Hey guys, I’m trying to use masked word prediction to measure how probable a word is in a certain context.
The problem is that transformers replaces words not in the vocabulary, however I need to know what words were replaced (not in a warning) to be able to say “This replaced word got a probability of X” and I can’t do that.
It seems very messy to go for the nearest fuzzy match or something.
For example:
from transformers import pipeline
nlp = pipeline("fill-mask", model="roberta-base")
res, rep= nlp(f"{nlp.tokenizer.mask_token} talk about the rules of the game first.",
targets=[' Will', ' Wille', ' Wil', ' We\'ll'])
Gives me:
The specified target token ` Wille` does not exist in the model vocabulary. Replacing with `ĠWil`.

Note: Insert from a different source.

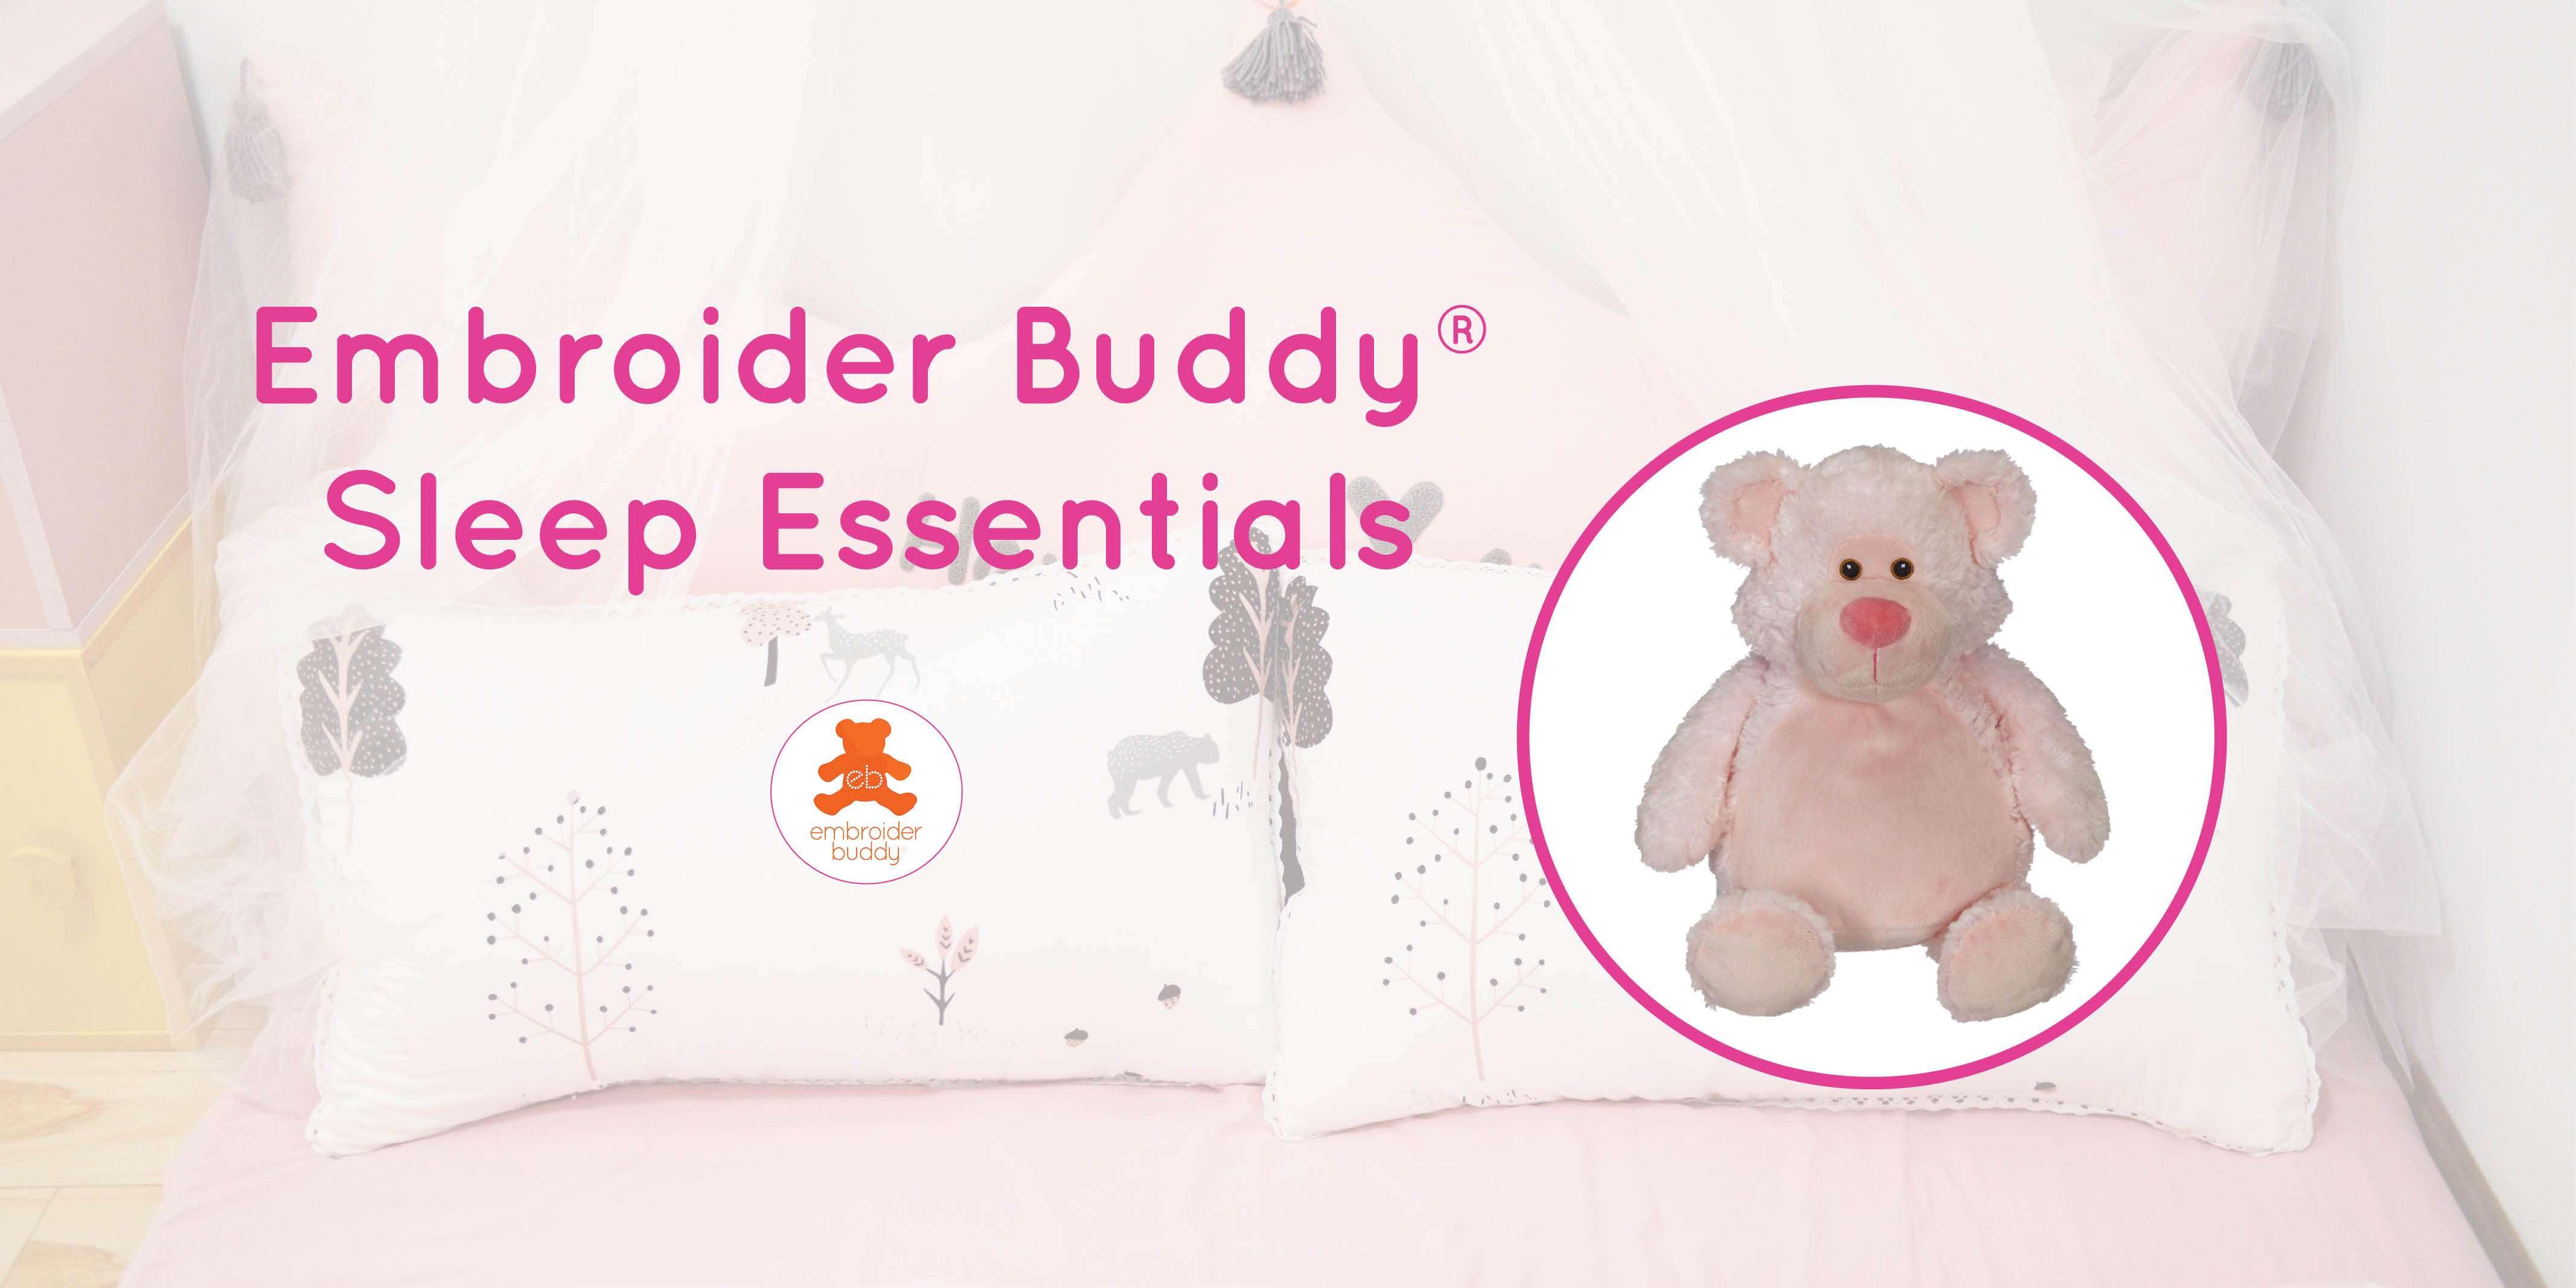 Embroider buddy Sleep Essentials

The specified target token ` We'll` does not exist in the model vocabulary. Replacing with `ĠWe`.
And a result of:
[{'sequence': '<s> We talk about the rules of the game first.</s>', 'score': 9.70363453234313e-06, 'token': 166, 'token_str': 'ĠWe'},
{'sequence': '<s> Will talk about the rules of the game first.</s>', 'score': 1.4700815142987267e-07, 'token': 2290, 'token_str': 'ĠWill'},
{'sequence': '<s> Wil talk about the rules of the game first.</s>', 'score': 4.419403731859006e-11, 'token': 3884, 'token_str': 'ĠWil'},
{'sequence': '<s> Wil talk about the rules of the game first.</s>', 'score': 4.419403731859006e-11, 'token': 3884, 'token_str': 'ĠWil'}]
However… what I really want is at least something like this coming out along with the output:
{"We'll":"ĠWe", "Wille":"ĠWil"}
So that later I can link that to the original results, and do something like:
results.get("We'll")
and get: 'score': 1.4700815142987267e-07
Is there an existing feature for this? If not, is it possible for me to get the logs as output so that I can parse them to get this result? I have no idea how to store the logs in a variable and searching online reveals no answers so far.